After four years, he left for Beijing, where he spent three years as head of research of the Magician Space gallery. The experience has made him sensitive to how different the process of modernisation is between the two places, and the way people care about very different things.

“Qiuchen in The Studio” (2021), Zheng Haozhong. This painting is part of the Shanghai-based artist’s solo exhibition “Melodic Variations” at Blindspot Gallery. Photo: Zheng Haozhong

As an independent curator who has remained in Beijing, Chen’s mission is to bring visibility to Chinese artists of his generation who may struggle to be heard.

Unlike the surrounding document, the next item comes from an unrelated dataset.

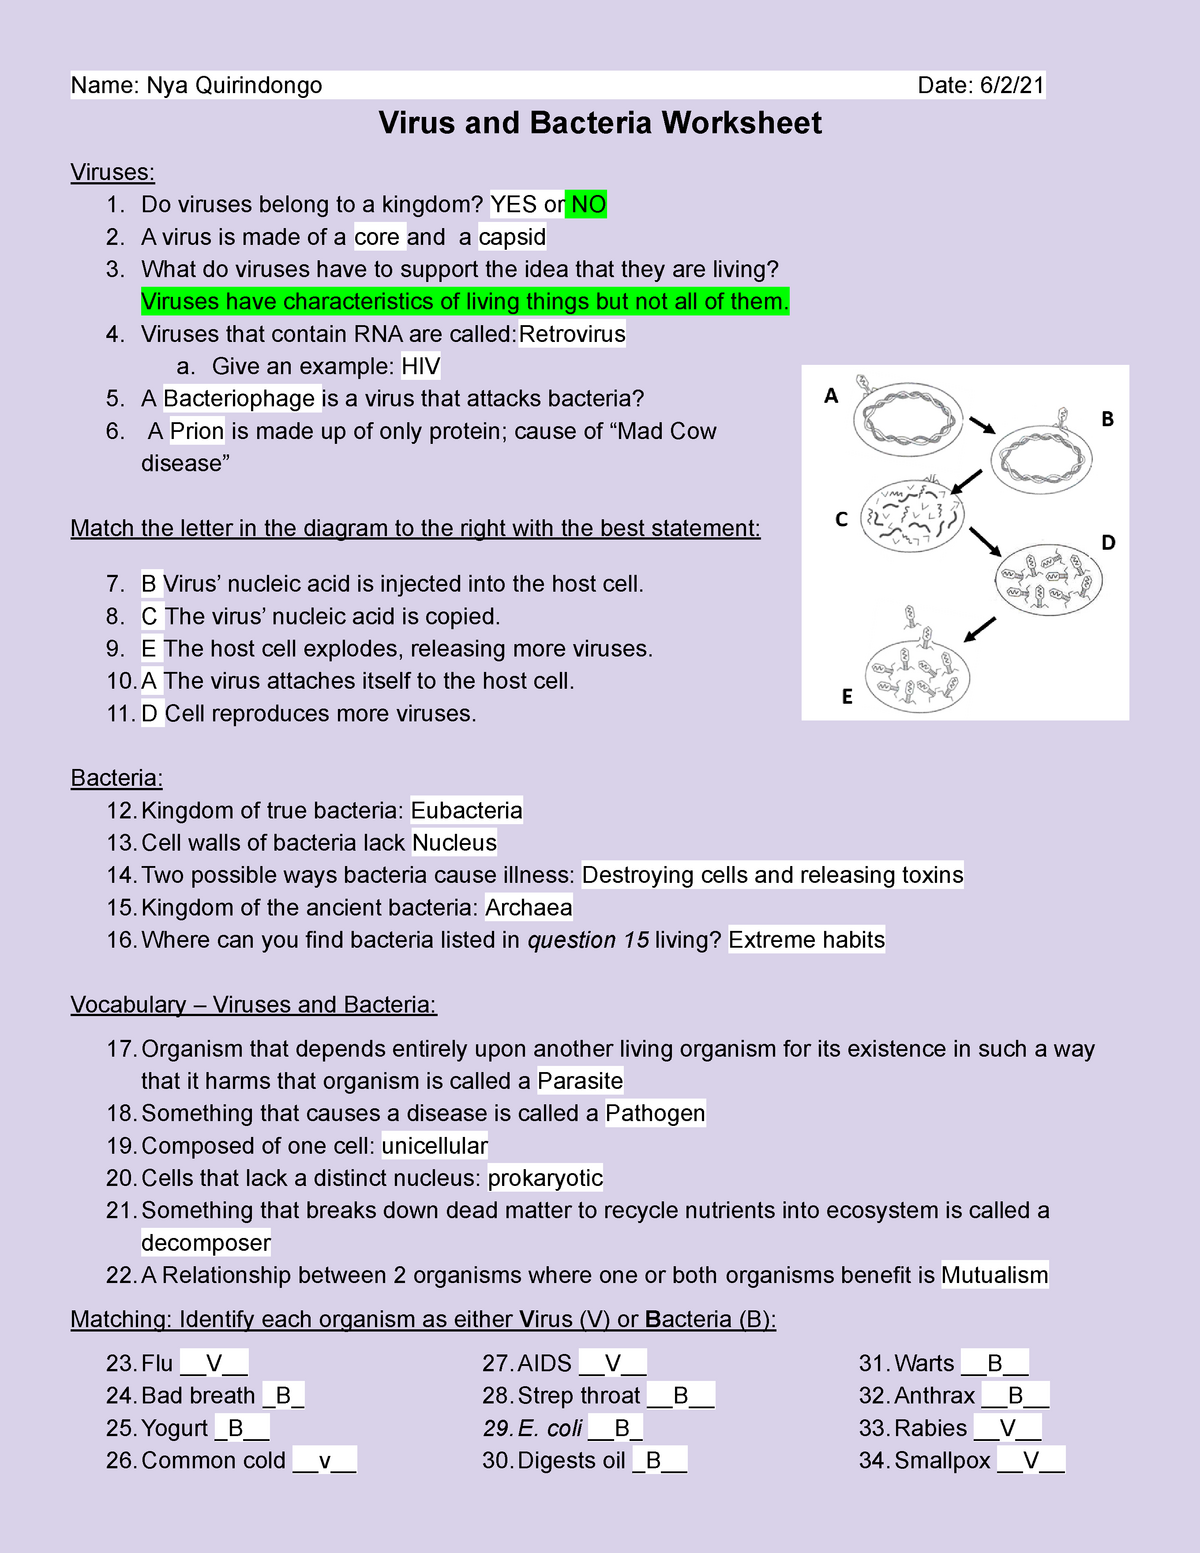 Copy of Virus and Bacteria Worksheet - BIO20 - General Biology Pertaining To Virus And Bacteria Worksheet Key

“How do we bring our issues to those who don’t want to know?” he says. “We don’t want to limit our activities to a small, local circle. Good art practice can cross borders and identity conflicts.”

The other artist in the show is Shanghai-based Zheng Haozhong. He creates portraits of himself, his friends and his beloved saxophone in the setting of his studio.

“Patterns, Red, AG” (2021) by Zheng Haozhong, part of the Shanghai-based artist’s solo exhibition “Melodic Variations” at Blindspot Gallery. Photo: Zheng Haozhong

They are executed in spontaneous, loose brushstrokes that bring to mind the free jazz that he plays, Chen points out. This is a world that is very much contemporary and private, as opposed to one shaped by big historical events.

But, as with Zhang’s works, there is a strong sense of motion and change, expressed in the unfinished state of the figure and the paint drips in the corner of Patterns, Red, AG (2021), for example.

“When in discussion with the gallery, we asked ourselves, ‘What kind of painters do we need to bring here?’,” Chen says. “There are a lot of shows with art from China that are market-driven, trendy, popular. This is an attempt to show something quite different.”

“Zhang Wenzhi: Tiger in Mountains, Deer at Ocean” and “Zheng Haozhong: Melodic Variations”, at Blindspot Gallery, 15/F, Po Chai Industrial Building, 28 Wong Chuk Hang Road, Wong Chuk Hang, until January 13.